Бакунин есть еще более наглядное воплощение тех же самых противоречий. Он умер накануне наступления террористической эпопеи[58]
. Впрочем, он заранее осудил индивидуальный террор, разоблачая «Брутов своей эпохи». Вместе с тем он испытывал к ним уважение и порицал Герцена за открытую критику неудавшегося покушения 1866 года Каракозова на царя Александра II. У этого уважения были свои причины. Бакунин, как и Белинский, и нигилисты, сыграл значительную роль в дальнейшем развитии событий, в частности в практике индивидуального бунта. Но он привнес и кое-что еще: зерно политического цинизма, которое прорастет в учении Нечаева и доведет революционное движение до логического завершения.Едва расставшись с юностью, Бакунин познакомился с философией Гегеля и был ею потрясен, как будто столкнулся с чудом. Он читал Гегеля сутками напролет, до умопомрачения, «ничего другого не видя, кроме категорий Гегеля». Из этой инициации он выходит с экзальтацией неофита: «Мое личное «я» умерло навсегда, только теперь я живу истинной жизнью, которая в некотором смысле тождественна науке абсолюта». Ему потребовалось совсем немного времени, чтобы заметить, чем опасна столь удобная позиция. Тот, кто понял суть реальности, не восстает против нее, а радуется ей: вот вам готовый конформист. Ничто в Бакунине не предрасполагало к этой философии цепного пса. Возможно также, что его поездка в Германию и дурное впечатление, произведенное на него немцами, помешали ему вслед за стариком Гегелем признать, что лучшим хранителем сущностей духа является Прусское государство. Человек более русский, чем сам царь, – несмотря на мечты о мировом единстве, – он никак не мог согласиться с восхвалением Пруссии, основанным на логике высокомерия: «Воля других народов не должна приниматься во внимание, поскольку народ, наделенный этой волей, главенствует над миром». С другой стороны, в 1840-е годы Бакунин открывает для себя французский социализм и анархизм и заимствует некоторые тенденции. Как бы там ни было, Бакунин с негодованием отвергает немецкую идеологию. Он так же страстно стремился к абсолюту, как позже будет стремиться к полному разрушению, к яростному «все или ничего», и у него эта ярость разрушения представлена в чистом виде.

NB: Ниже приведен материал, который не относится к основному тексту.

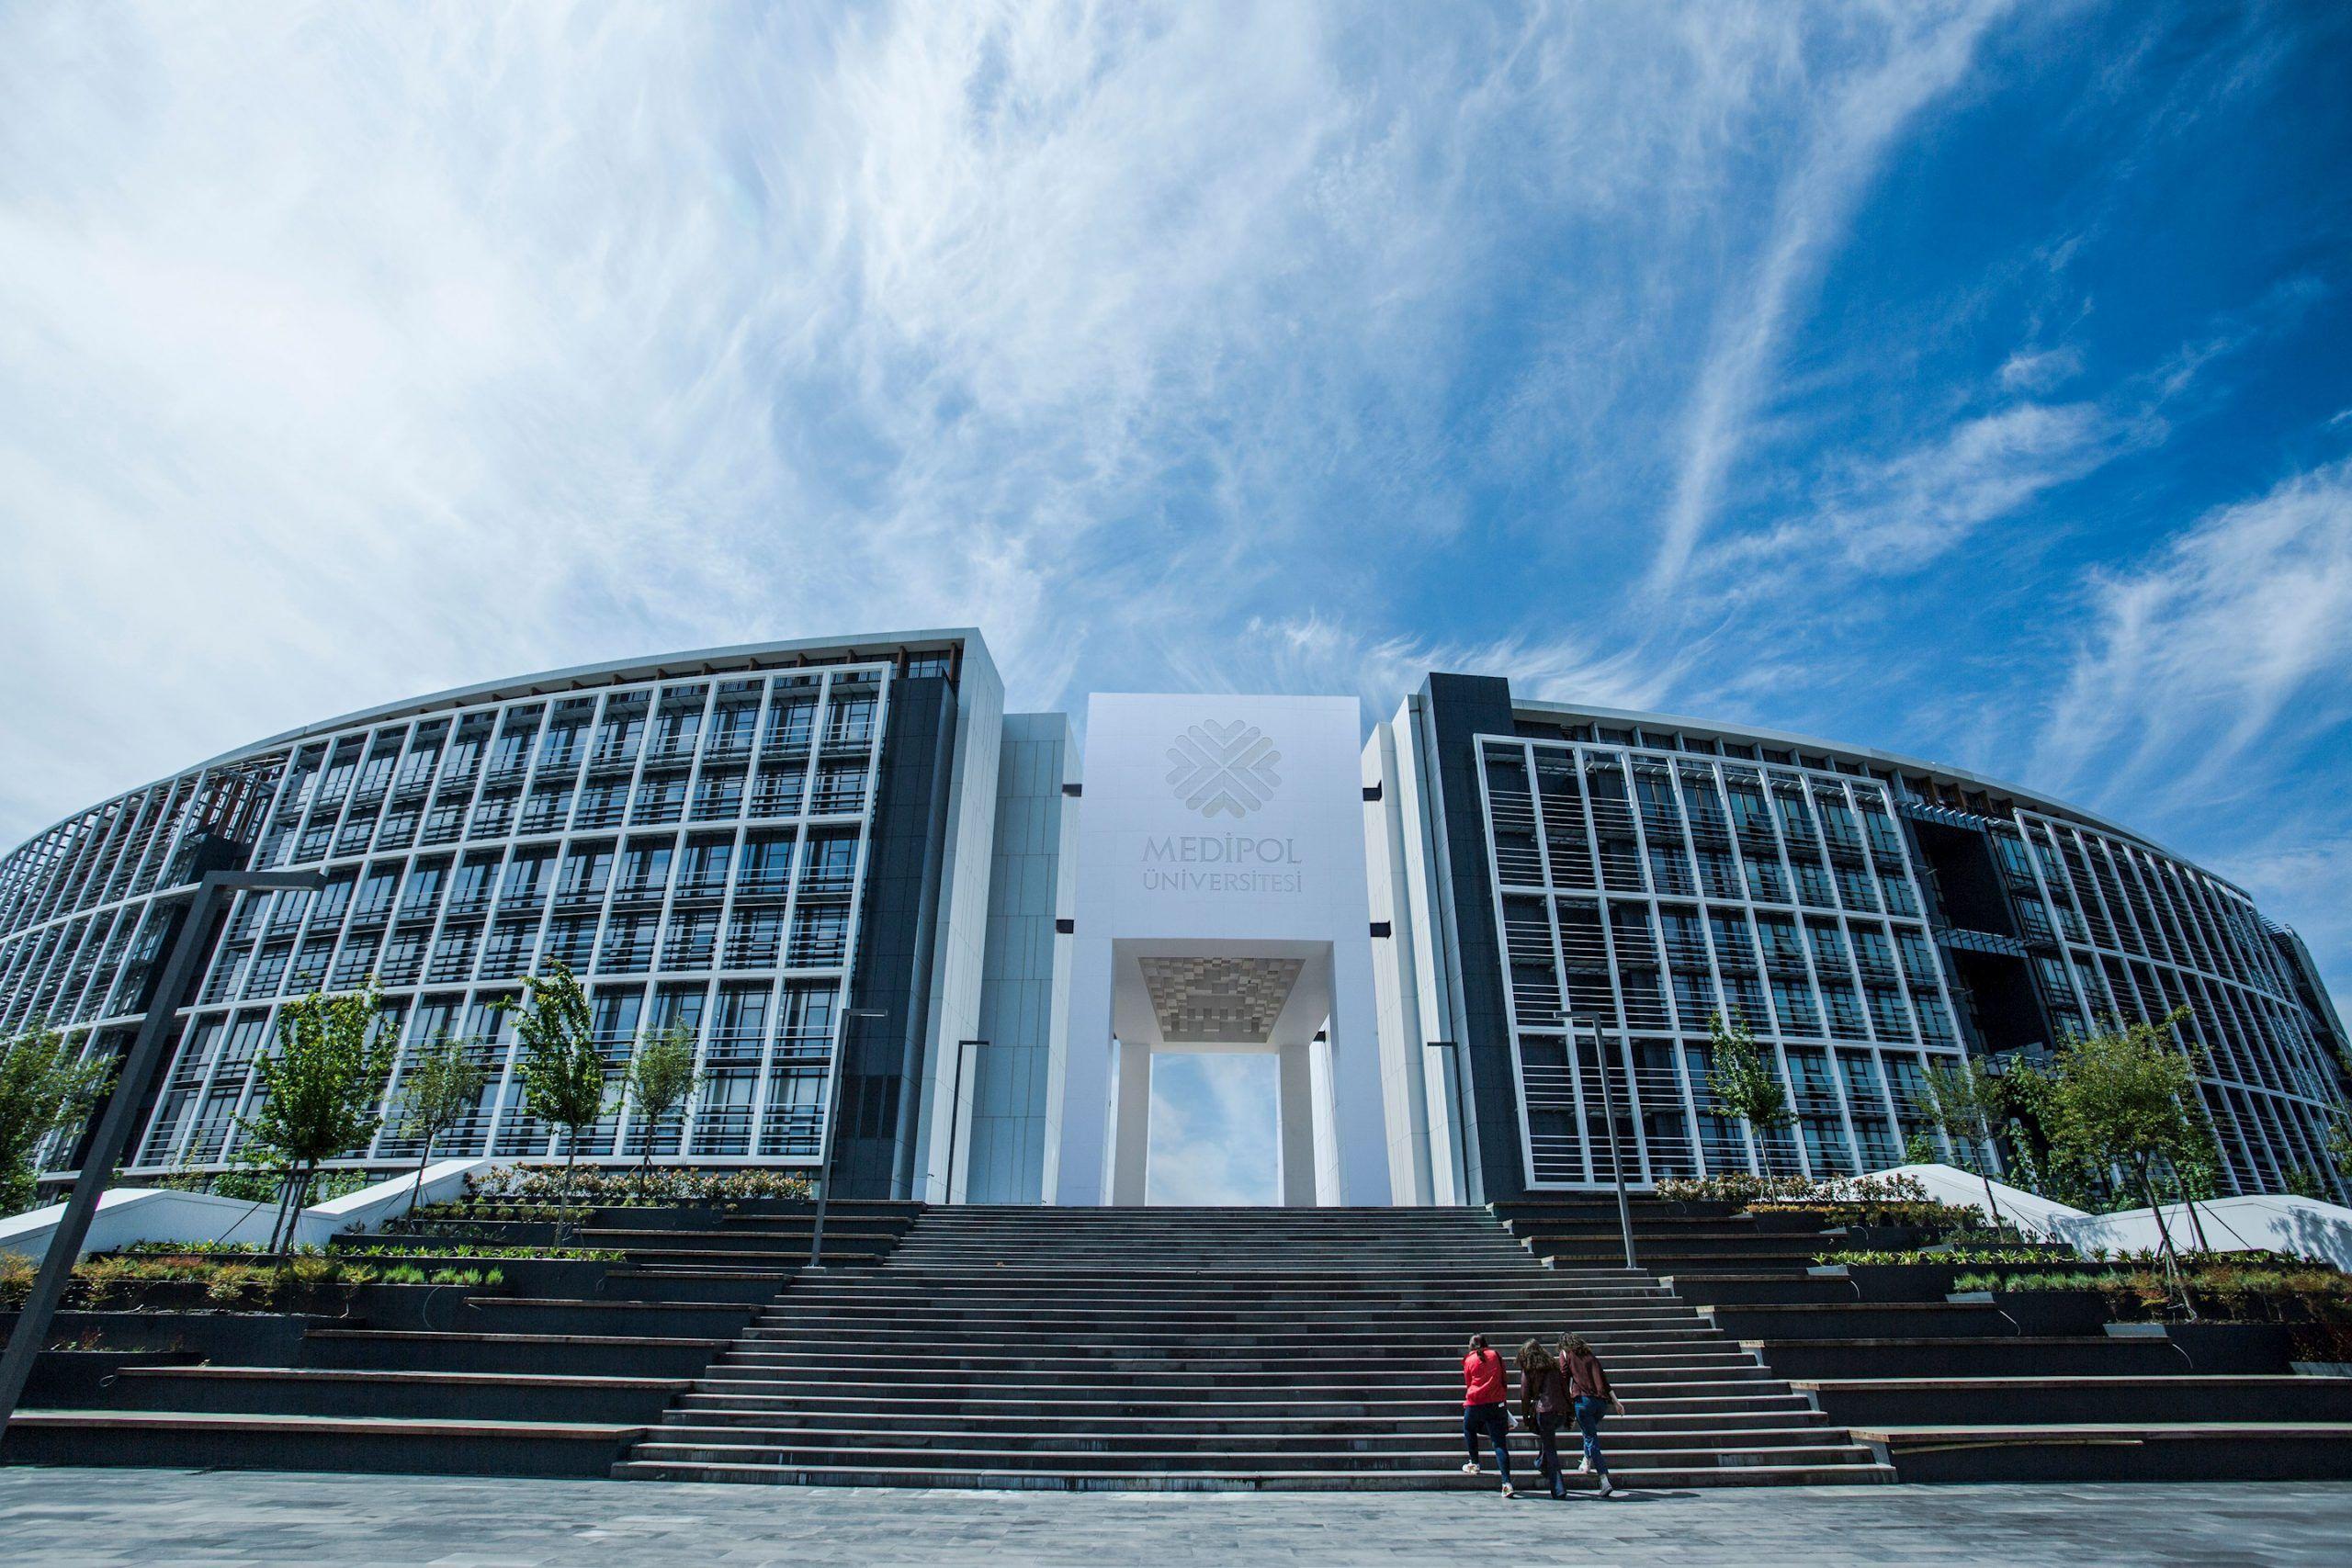 Istanbul Medipol Universitesi 8 Ogretim Uyesi Alimi Yapiyor Istanbul Ogretim Tip Fakultesi

Отдав дань восхищения абсолютному Единству, Бакунин погружается в самое примитивное манихейство. Судя по всему, он жаждет, чтобы воздвиглась «Вселенская и подлинно демократическая Церковь свободы». Это его религия, а он сын своего века. Впрочем, он не уверен, что его вера достаточно всеобъемлюща. Он, как нам представляется, вполне искренен, когда в «Исповеди», обращенной к Николаю I, пишет, что никогда до конца не верил в финальную революцию, а если и верил, то лишь ценой «сверхъестественных и тяжких усилий», заглушая внутренний голос, настойчивым шепотом твердивший ему о «бессмысленности надежд». Напротив, теоретический имморализм в нем непоколебим, и мы видим, как он в нем прямо-таки купается с животным наслаждением и органичностью. Историей движут всего два начала: государство и социальная революция, революция и контрреволюция, и они не просто непримиримы, они ведут между собой смертельную борьбу. Государство – это преступление. «Даже самое малое и безобидное государство преступно в своих вожделениях». Следовательно, революция – это благо. Борьба этих двух начал, выходящая за рамки политики, – это одновременно борьба сатанинских начал против божественного начала. Бакунин осознанно вводит в проблематику революционного действия одну из тем романтического бунта. Еще Прудон утверждал, что Бог есть Зло, и призывал: «Гряди, Сатана, оболганный нищими и королями!» Одновременно Бакунин подчеркивает глубину бунта, имеющего внешние признаки политического. «Нам говорят, что Зло – это сатанинский бунт против божественной власти, а мы видим в этом бунте плодотворную завязь всех человеческих свобод. Подобно Богемским братьям XV века, революционеры-социалисты узнают сегодня друг друга по призыву: «Во имя того, кто претерпел великий урон».